_INPUT DATA_.
------------------------------------------------------------

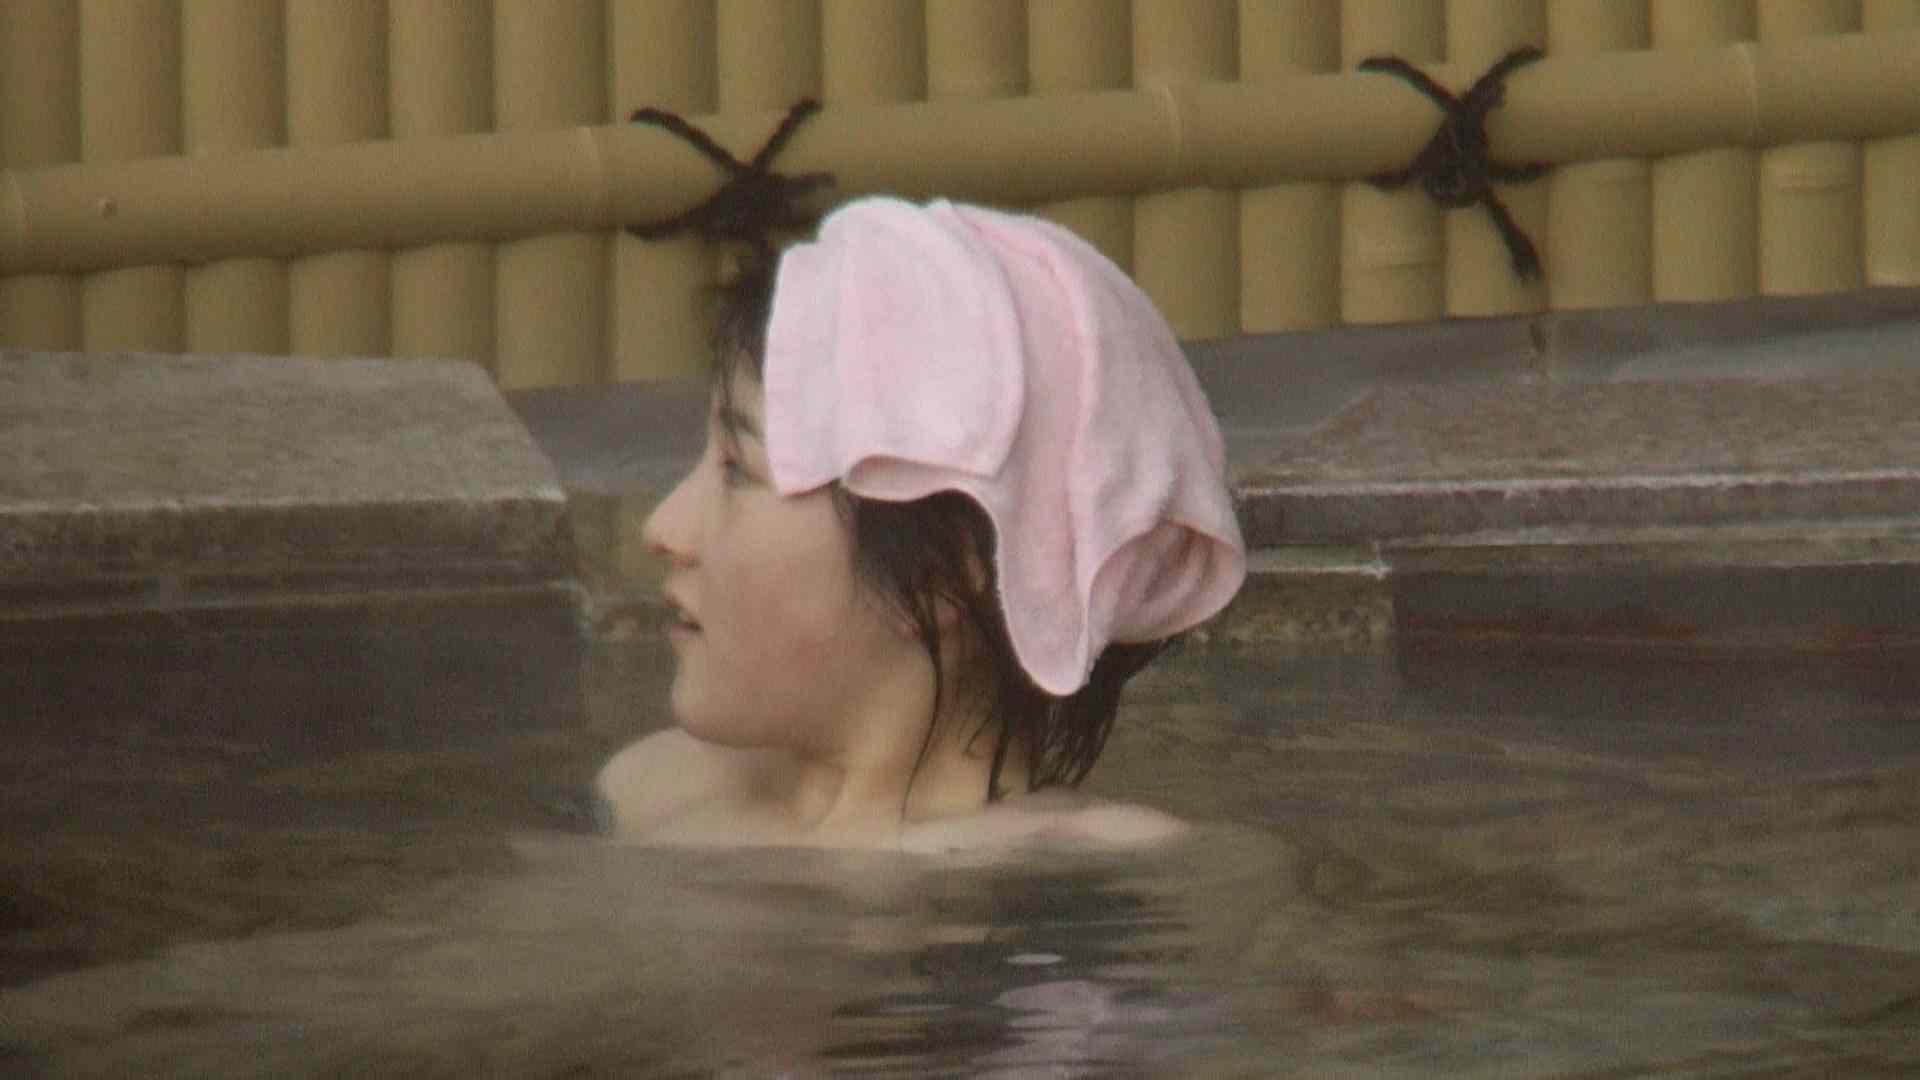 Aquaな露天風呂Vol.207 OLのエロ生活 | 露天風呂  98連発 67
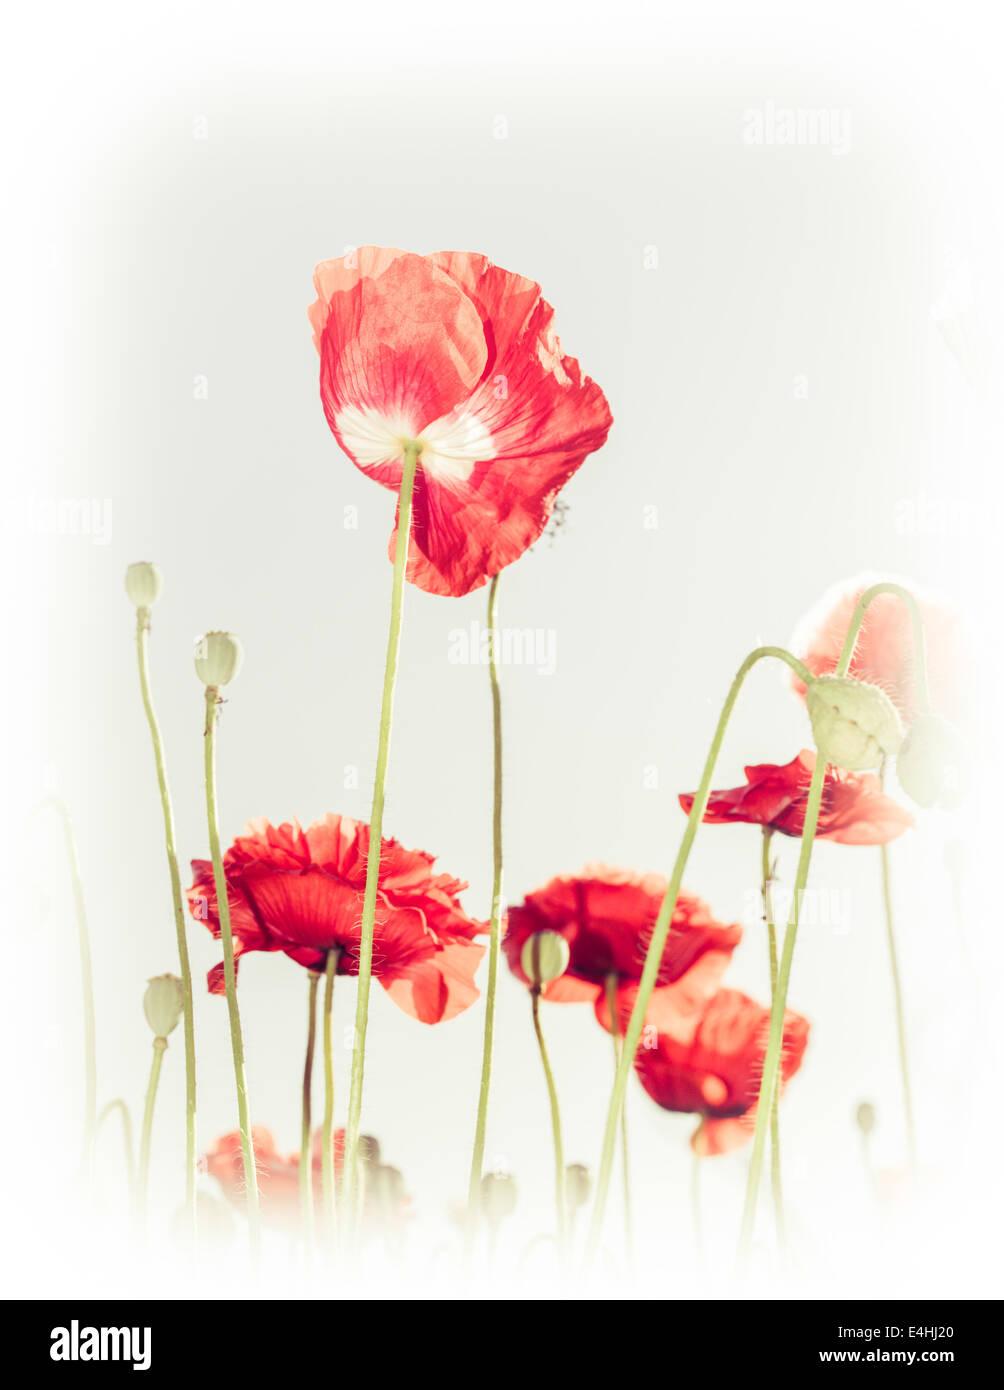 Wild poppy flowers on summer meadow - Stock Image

------------------------------------------------------------

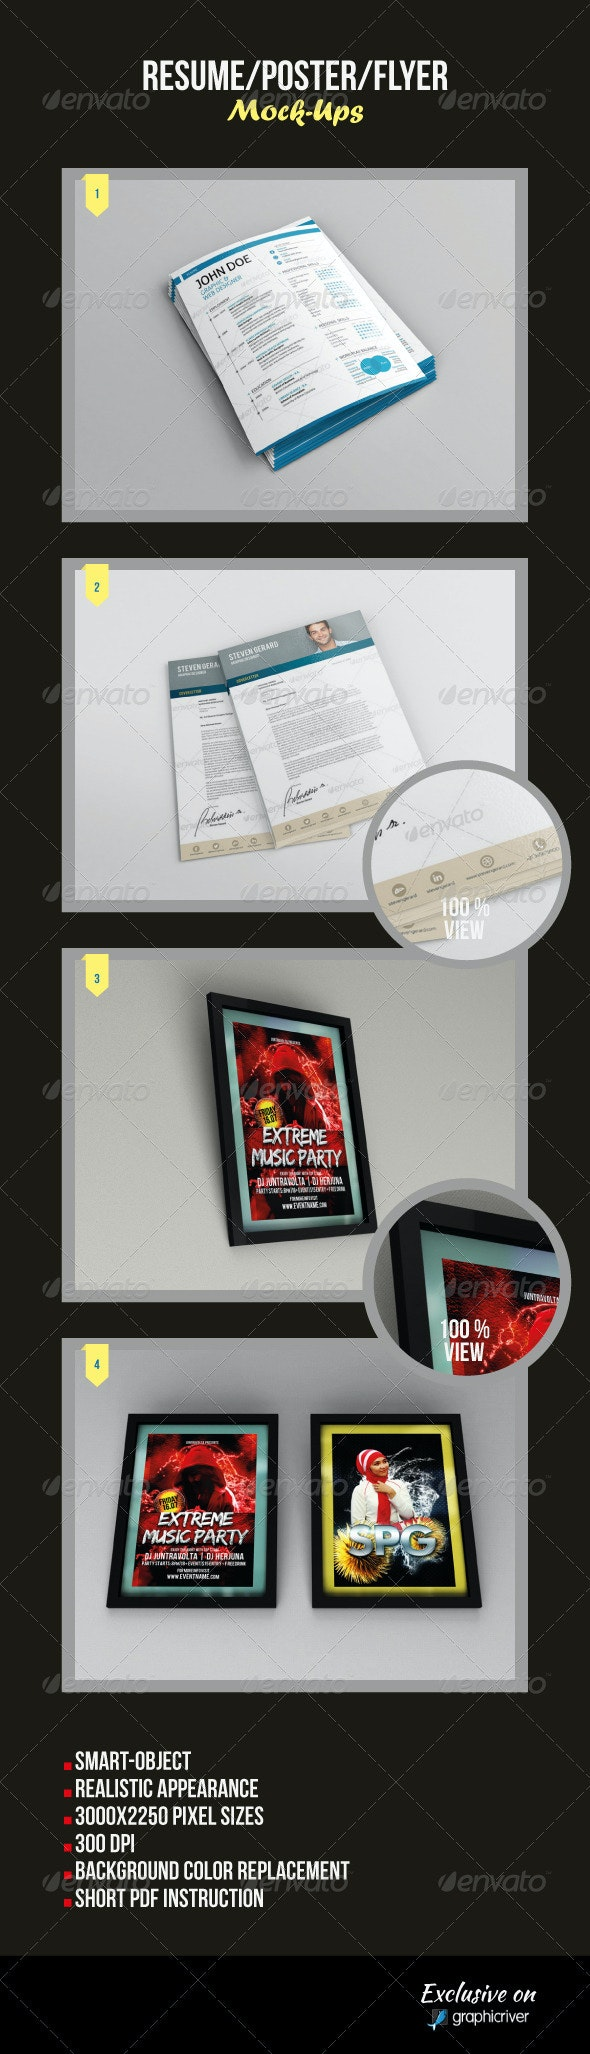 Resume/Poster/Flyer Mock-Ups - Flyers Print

------------------------------------------------------------

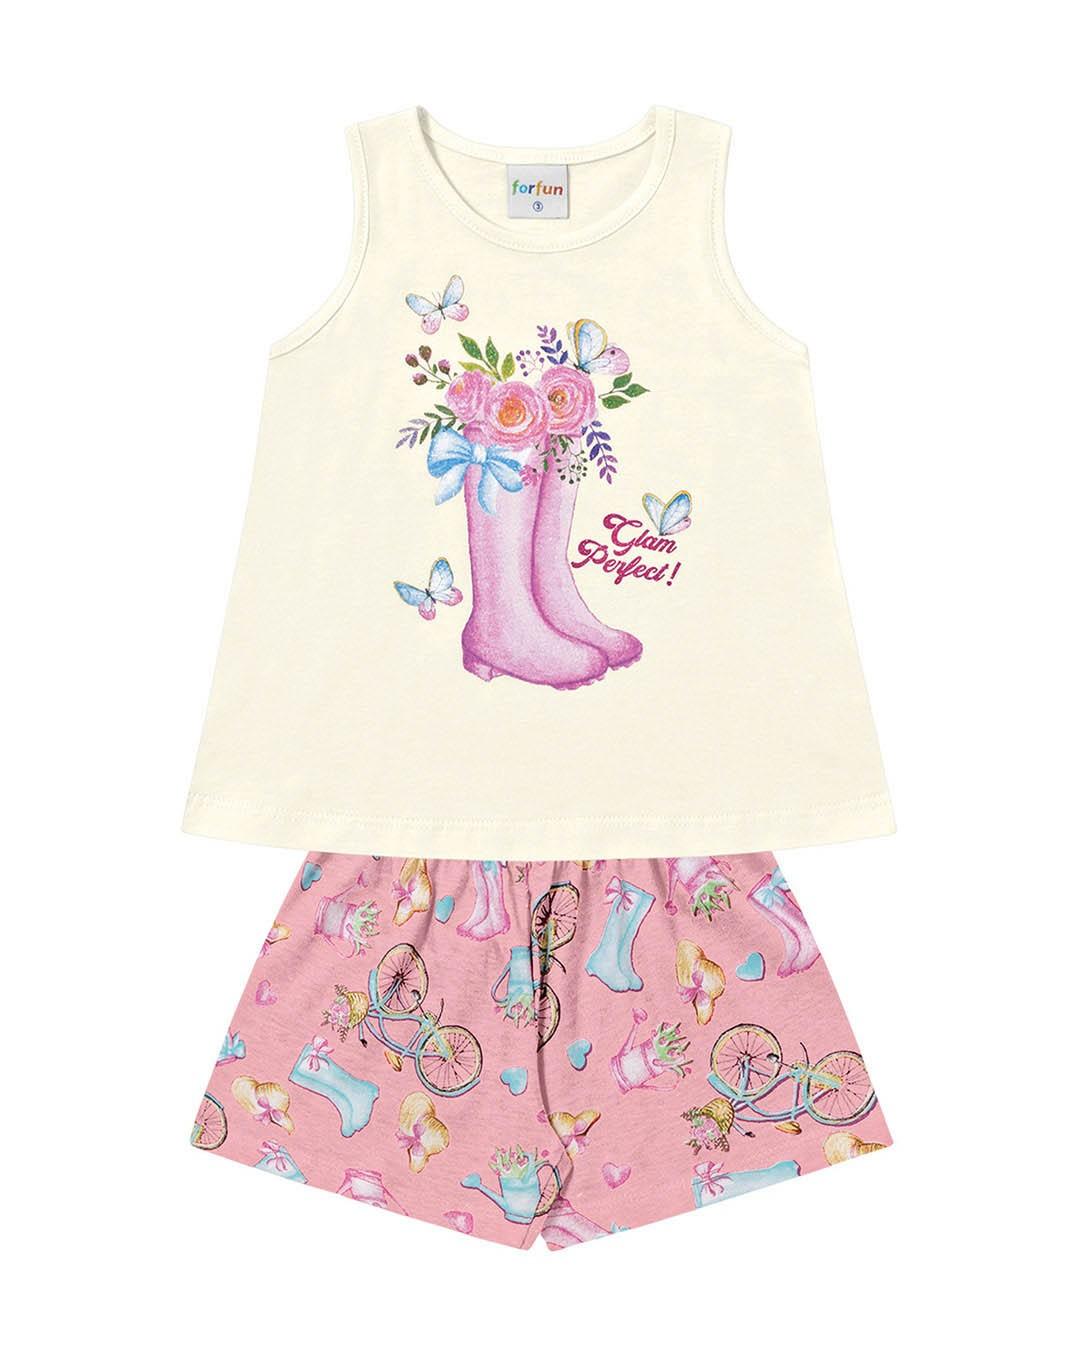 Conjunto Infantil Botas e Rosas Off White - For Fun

------------------------------------------------------------

_HOW TO COMPLETE THIS TASK_. After locating the line containing "Aquaな露天風呂Vol.207 OLのエロ生活 |" in the entries above, return it and every line after it exactly, ending at the line containing "Wild poppy flowers", without pictures.

_SOLUTION TO THE PROBLEM_.
 Aquaな露天風呂Vol.207 OLのエロ生活 | 露天風呂  98連発 67
 Wild poppy flowers on summer meadow - Stock Image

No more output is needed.